Я лежал на срубленном лапнике, пригретый огнем костра, и отдыхал; Иван Постный хлопотал около чайника, а солдат Жилкин чинил оборвавшуюся при падении свою огромную суму. Я частенько удивлялся выносливости плеч Жилкина, она даже силача Ивана Постного поражала. С виду Жилкин был небольшой, худой, с обыкновенным солдатским бритым лицом, с подстриженными и щетиной стоящими усами, носом пуговицей и меланхоличными карими глазами. Ноги его были тонки и кривы; грудь впалая, худ он был необыкновенно; вообще кто не знал Жилкина, тот думал: слаб, мол, хлюплый! Но это мнение было ошибочно. Жилкин был до удивительности живуч, силен и подвижен, а ходок был на редкость: ему ничего не стоило сбегать, как он выражался, за 25 верст, полчасика отдохнуть и обратно; этот кончик для него был пустяк. Охотничья сума же его была кожаная, самодельная, и чего-чего в ней только не было!
Весь охотничий инструмент: хлеб, чистая смена белья, портянок, даже иногда запасные сапоги собственной работы; Жилкин был деревенский сапожник и зарабатывал порядочно своим ремеслом.
— Ну, барин, давайте закусим и чайку попьем! — Иван Николаевич Постный достал своего знаменитого ситного, налил чаю, и мы стали полуночничать. Покончили с чаем, ситным, подбросили сушняка в костер, порешили было вздремнуть…
Где-то далеко запел глухарь. Мы стали собираться в путь.
— Чу, поет! — встрепенулся Постный. — Это он в Веселевских буграх.
— С Богом! Давайте расходиться.
Рассвет чуть-чуть пробивался между деревьями, скользил по стволам сосен, кругозор все делался яснее. Глухари распевались как-то лениво, отрывисто. Я шел по берегу Быстрой, ощупывая дорогу, перескакивая через подернутые ледком лужицы. Сумрак расходился и расходился.
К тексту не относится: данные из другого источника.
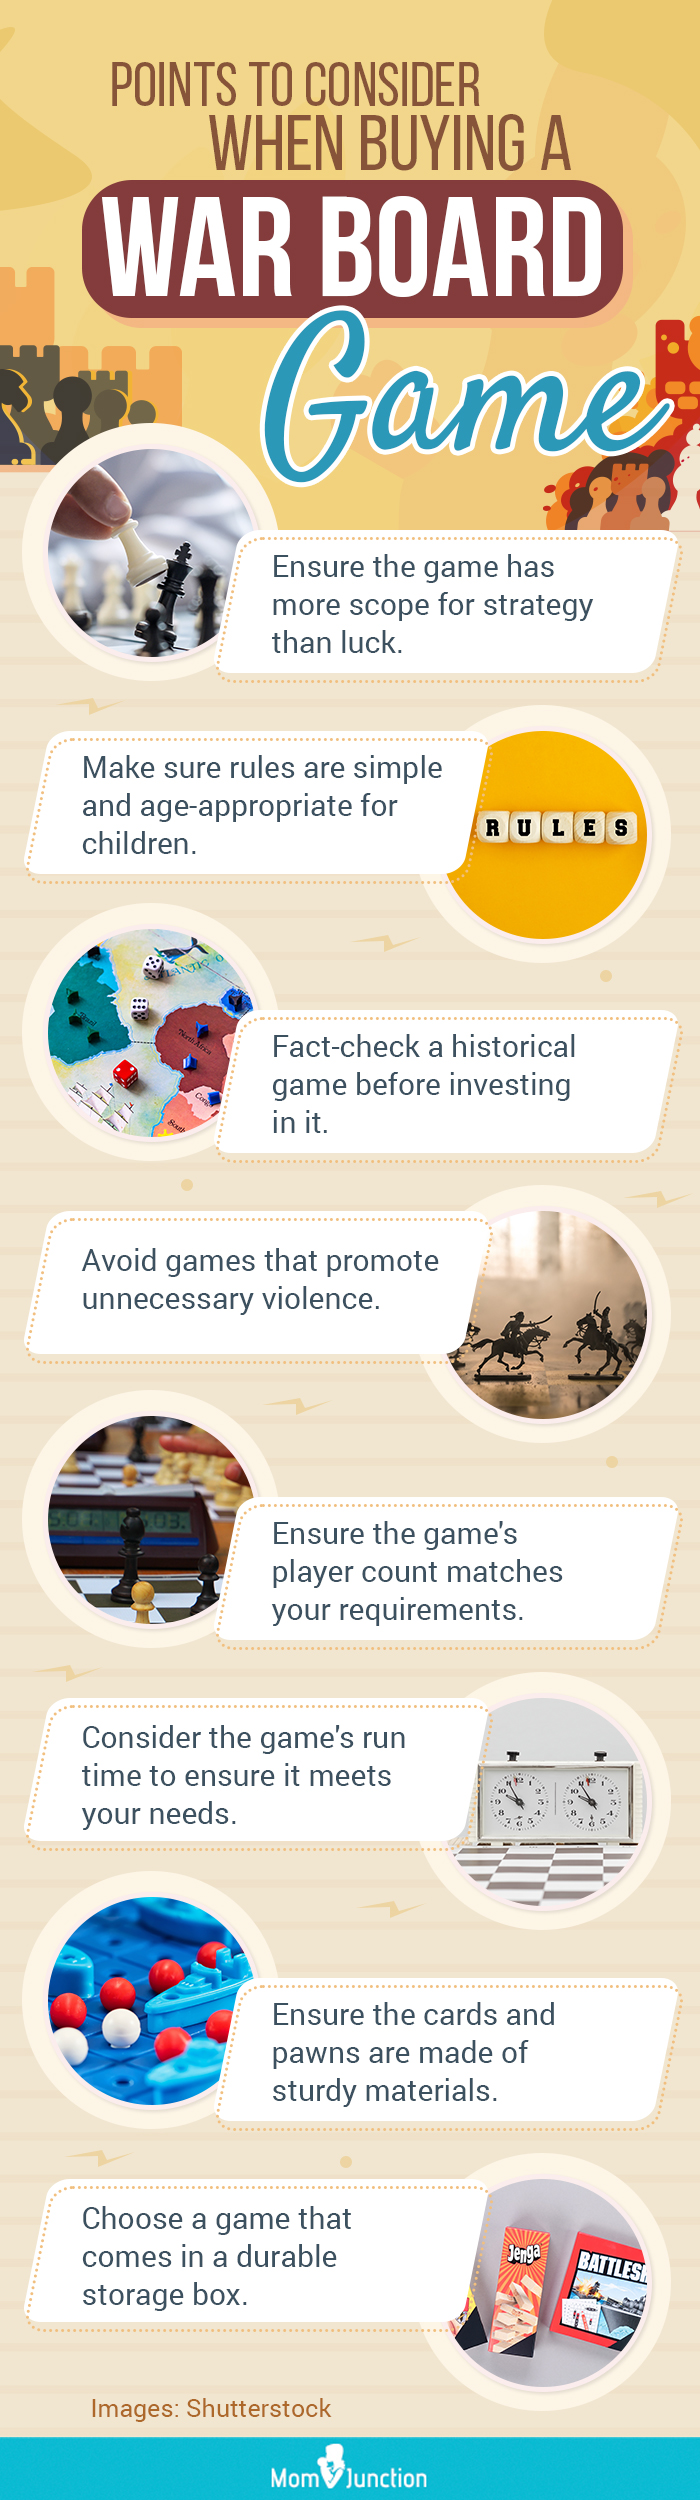 Points To Consider When Buying A War Board Game (infographic)

Прямо над головой с резким цырканьем и характерным хорканьем протянул вальдшнеп, мелькнул чуть заметной точкой за ольху. Вдоль речки протянула стайка шилохвостней, покрякивая наперебой. И вот! Наконец-то запел, застонал страстью, призывом к любви наш нелюдим — таежный старый глухарь; ему завторили молодые красавцы, там, далеко, и здесь, ближе… Вот еще, еще! Запело все кругом, проснулось.
За рекой забормотали, зачуфыкали тетерева; сначала тихо, несмело; вот сильнее, сильнее разгораются голоса певцов. Оборвали, смолкли; опять принялись. Негой, страстью растут голоса, сливаются, разбиваются, волной несутся по лесу, опушке, по полю. Понеслись ввысь небесную, к Творцу жизни и любви.
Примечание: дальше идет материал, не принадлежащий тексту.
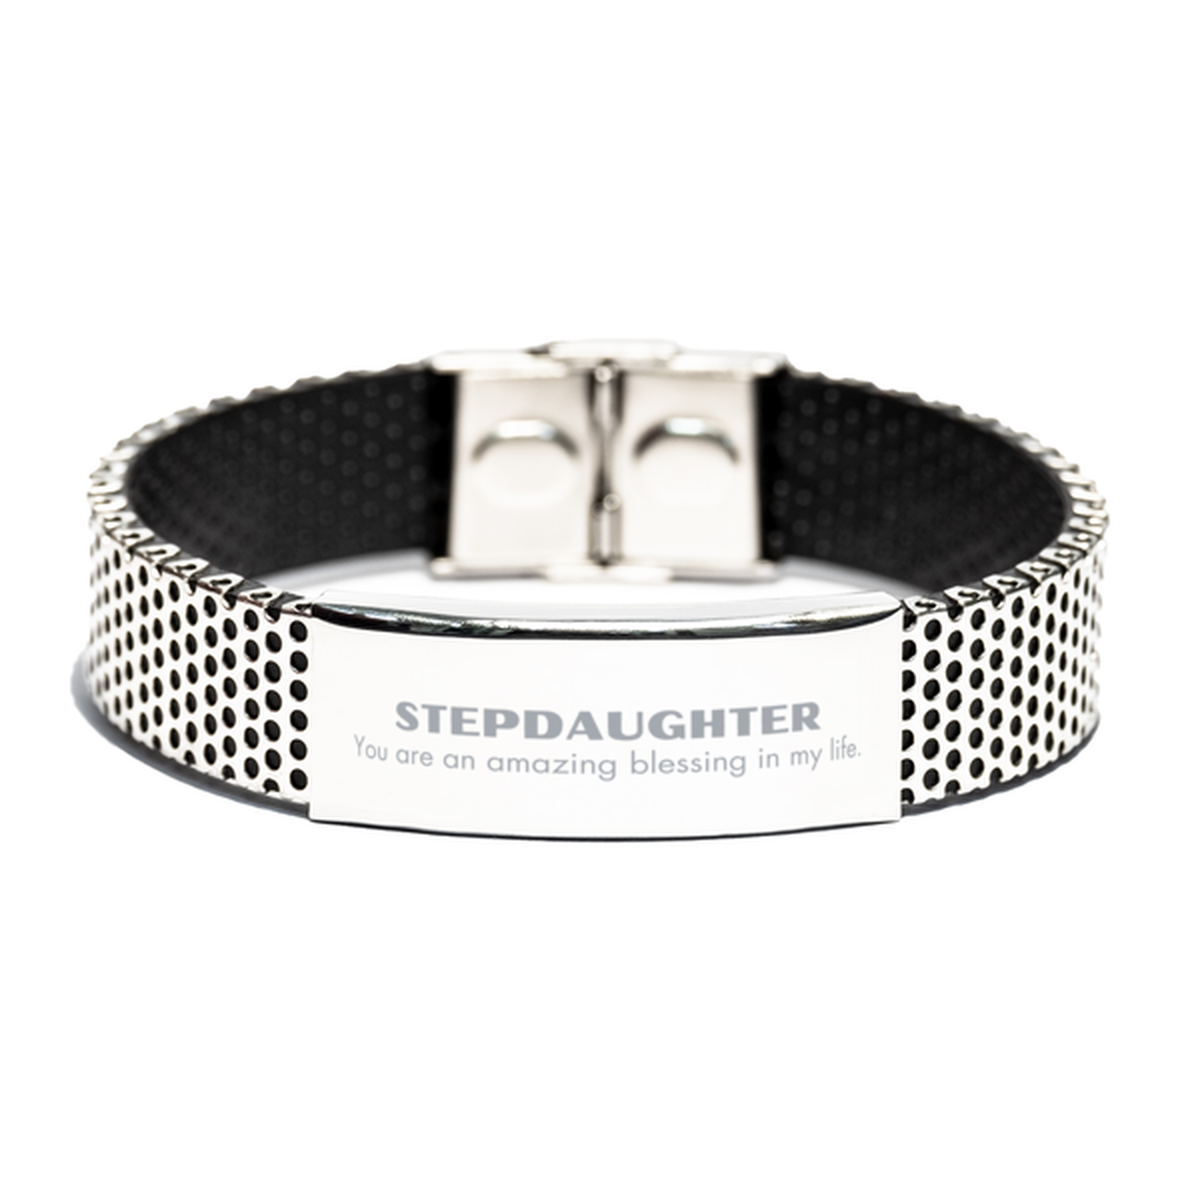 Stepdaughter Stainless Steel Bracelet, You are an amazing blessing in my life, Thank You Gifts For Stepdaughter, Inspirational Birthday Christmas Unique Gifts For Stepdaughter

Ярко, неожиданно вышло солнышко, ослепительно засияло по деревьям, речке, льду тонкому, по пробившейся травке, мху бирюзовому. Заласкало солнышко певцов лесных, болотных, птичек, перепархивающих гостей перелетных.
Стон стоит в лесу, и над общим хором голосов резко выделяется, переливается, бьет по нервам охотника, по сердцу голос короля пернатых — глухаря, красавца чернобрового, токовика. Вот он, наклонив голову, медленно, величаво сделал четыре шага вперед по сучку сосновому, вытянул шею, распустил крылья сизые, хвост веером. Остановился, прислушался; заходил, надул зоб, стал отступать назад и запел, дал призыв весне, солнцу, серой подруге, которая робко там, внизу под сосной, еле дыша, слушает своего красавца суженого. Несется песня ввысь, оборвется и опять начнется.
Дрожит охотник старый от этой песни, в висках у него стучит, а про молодых охотников и говорить нечего — забьет их лихорадка, зуб на зуб не попадает от песни старика-токовика, красавца-глухаря.
Я уже близко подскочил к певцу. Вот он запел; я опять стал подскакивать, но под деревом на выстрел. Вот он, красавец, освещенный солнцем, не слышит, не видит охотника. Любовь, одна любовь говорит в глухаре; вот он зарокотал, пригнулся, опять запел, не видит своего врага-человека, а тот тоже дрожит, весь охваченный охотничьей страстью; бледный, с горящими глазами, он приподнял ружье, взял на мушку певца и…
Загрохотал-загремел выстрел, разбился по воздуху; эхом его подхватило туда, далеко, далеко по лесу, по небу ясному, и замер звук выстрела вдали… Стихло…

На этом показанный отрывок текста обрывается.